JL: You create and sustain tension not simply by making the story about a boy who is lost but by giving the reader occasional glimpses into the shadow side of life there. Early on, we learn there are places the narrator(s) never tell the tourists about, that are left off the map—remnants of an old mural and an old slave cemetery. Later, we read about things the narrator(s) may have left out when reporting to the police early in the investigation—the diver being drunk, the alligator man flirting, the conquistador sneaking about with a young man and the scent of dope. These glimpses prepare us for the stunning ending, which begins: “But there was one thing we never told anybody.”

In the course of writing the story, did the ending come to you first, after which you added those earlier intimations of the unspoken? Or did those earlier episodes lead you to the ending? Can you tell us about that?

LP: When I started writing, I knew how I wanted the story to end—maybe not the precise sentence or image, but the tone, the feeling of it. The narrators are bound and haunted by their unspoken secret. It unites them just as fully and perilously as it divides them. Their differences appear more trivial at the beginning: their tasks, their hometowns, their sexual inclinations. And with no chance to exercise a truly private life, and with every misstep and impulse already common knowledge, what could possibly remain unknown? And yet by the end, every small detail becomes a potentially loaded clue. So once I had written the ending, I went back and examined those quieter discrepancies, reaching back through time much in the way the characters did. What was the one thing they had taken for granted? What had they missed, or unwittingly allowed? Ultimately I felt it was better that I didn’t make a hard decision either—that I, as the writer, could speculate alongside the characters, but I could never know more than they did. It might have been any one of those things, or none of them. I can’t be sure myself.

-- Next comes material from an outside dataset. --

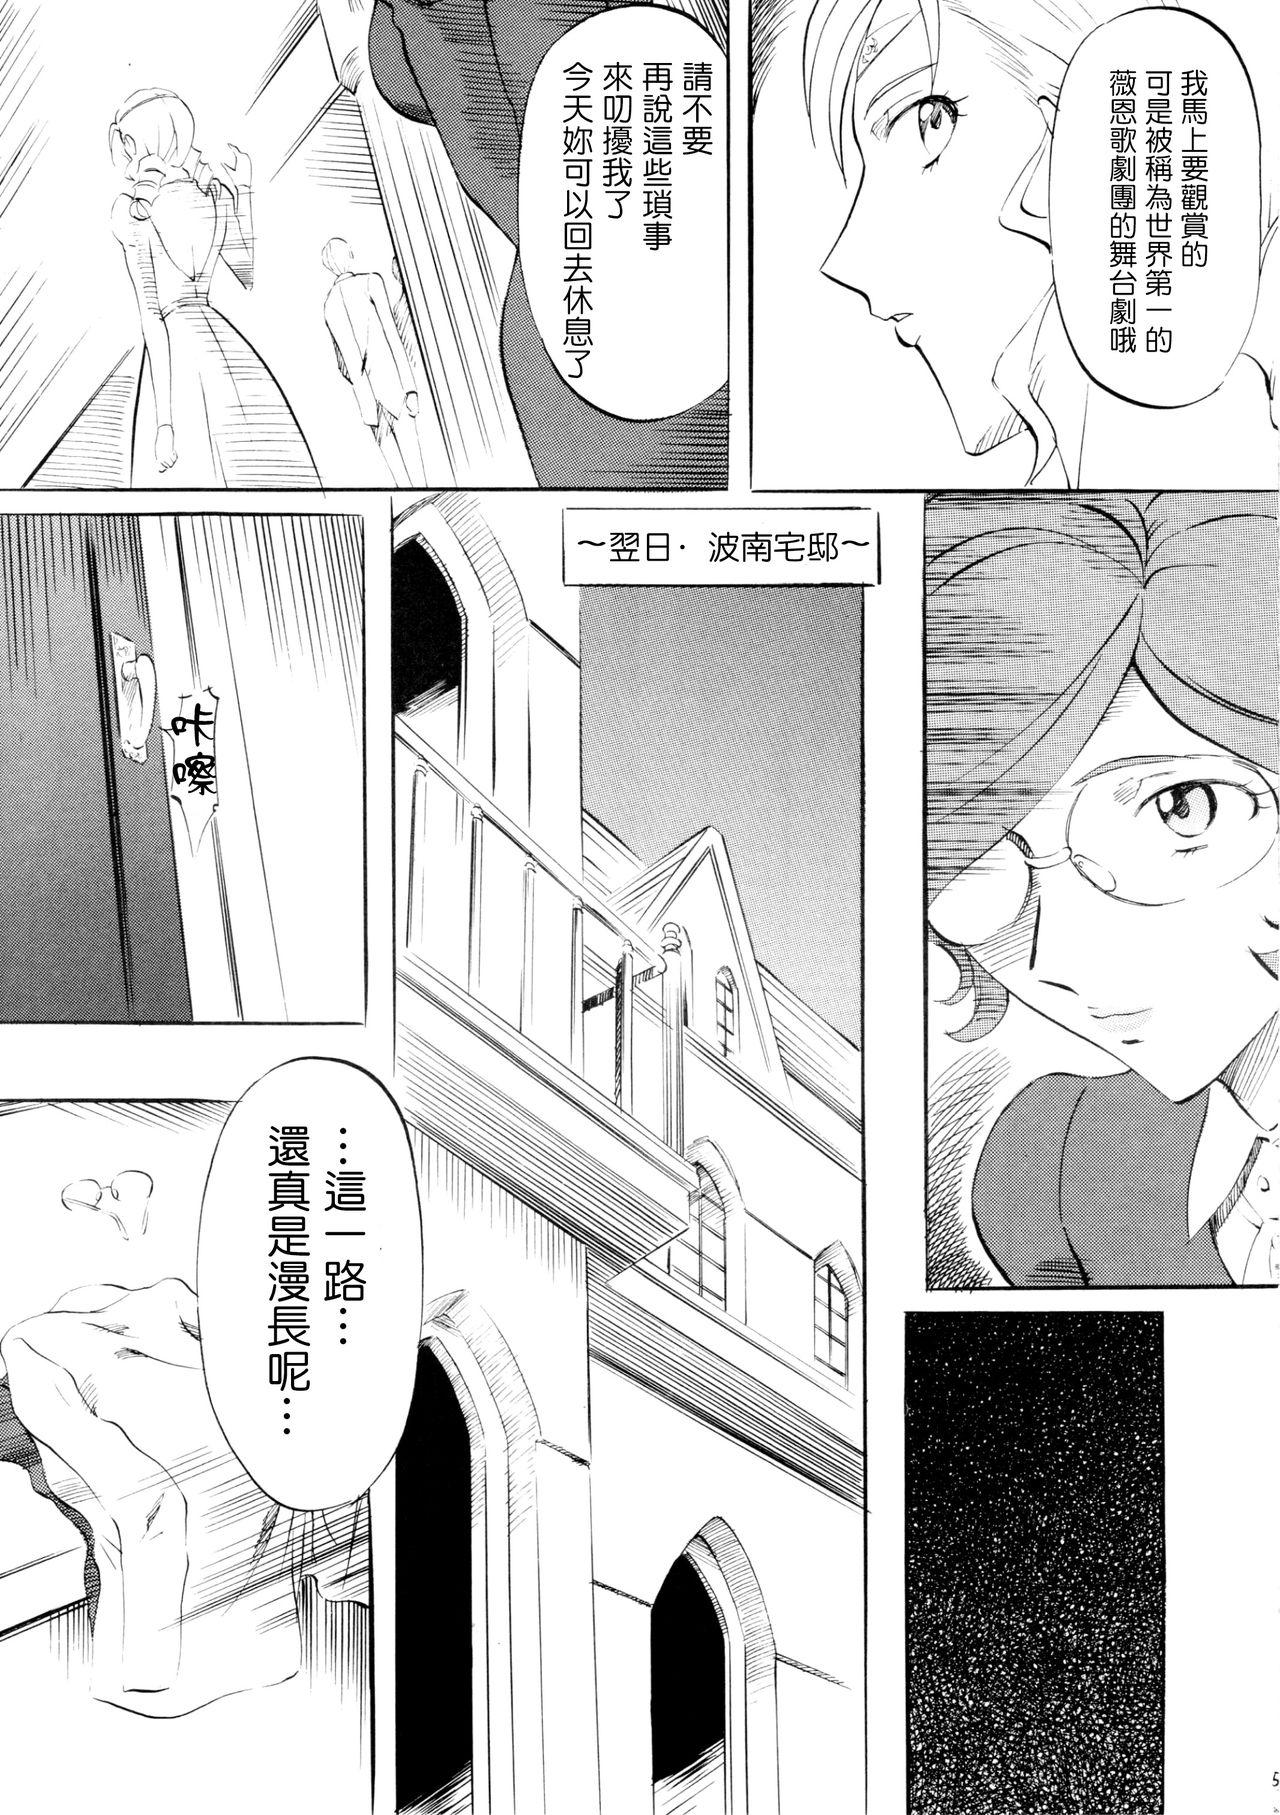 Mature F - Lupin iii Real Amateur - Page 4

JL: Place is central to the story, and is beautiful and terrifying and primeval: nature trails, snakes, date palms, a lynching tree, German figurines of children in lederhosen. A black whoosh of birds, an alligator gnashing in its cage, a horse that can throw its rider, an enormous elephant. Ultimately, the place, and its inhabitants, devour the boy, and then it’s all torn down, vanished, though not in the dreams of the narrator(s).

Were there particular challenges you faced in evoking that place? Did you worry about having too much detail, or visuals that might seem too freighted with symbolism? Did you have a sense of the place when you began the story, or did it evolve in the course of writing?

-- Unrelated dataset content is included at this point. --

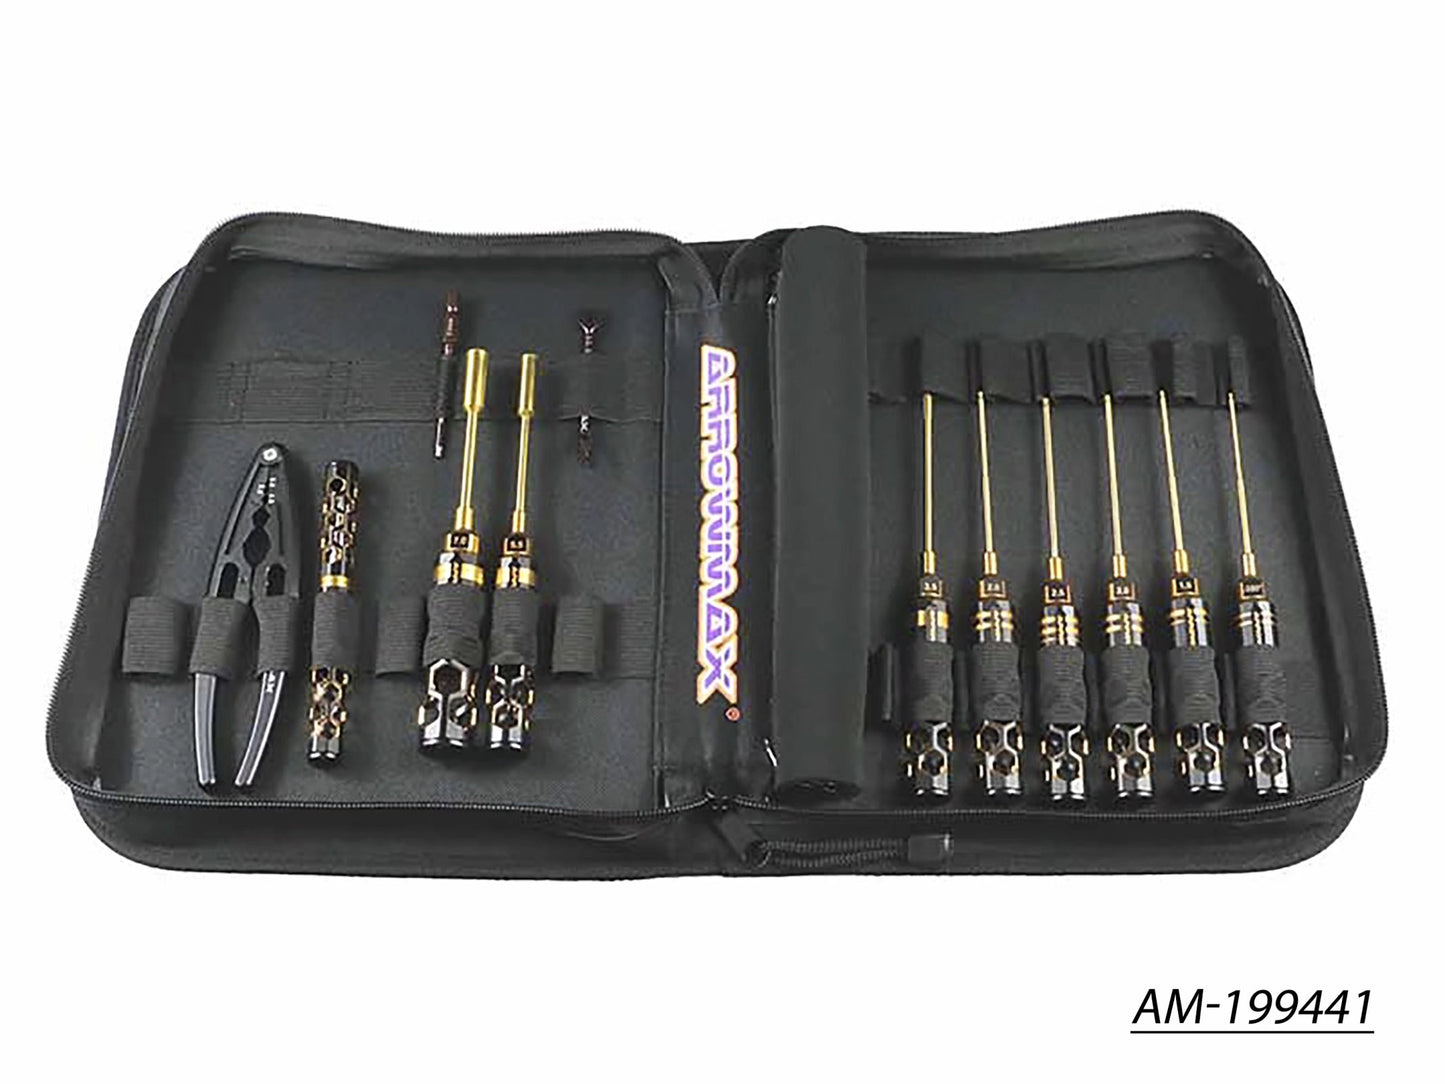 AM Toolset For 1/10 Offroad (12Pcs) With Tools Bag Black Golden (AM-199441)

LP: I loved writing about Vogelsong. I based it (loosely) on a state park I visited in De Leon Springs, Florida. As soon as I set foot on the trail, with all of its wild beauty and eeriness, I knew I had a story. Then, when I learned a water-skiing elephant had once performed there, I knew I really had a story. The challenge was in making the setting (in all its iterations, from conquistador landing to plantation to amusement park) a real and necessary character, not just an interesting backdrop. It’s easy to get swept away with description and exposition, so I kept myself tethered by thinking of it this way: This particular story could only happen in this particular place. The details had to work on two levels: They had to set the stage and orient the reader; and they had to contribute to an underlying tension. They needed to convey both the wonder and artifice of this place, as well as the uneasy combination of inertia and mortality. Itemizing even the most mundane details—the map, the duties, the meals, the schedule—seemed gratuitous at first, but I found that it helped me to explore just how disorienting and dramatic a single aberration could be. I suppose, in a way, I was also writing about my greatest fear: getting away with something, and then having to live with it.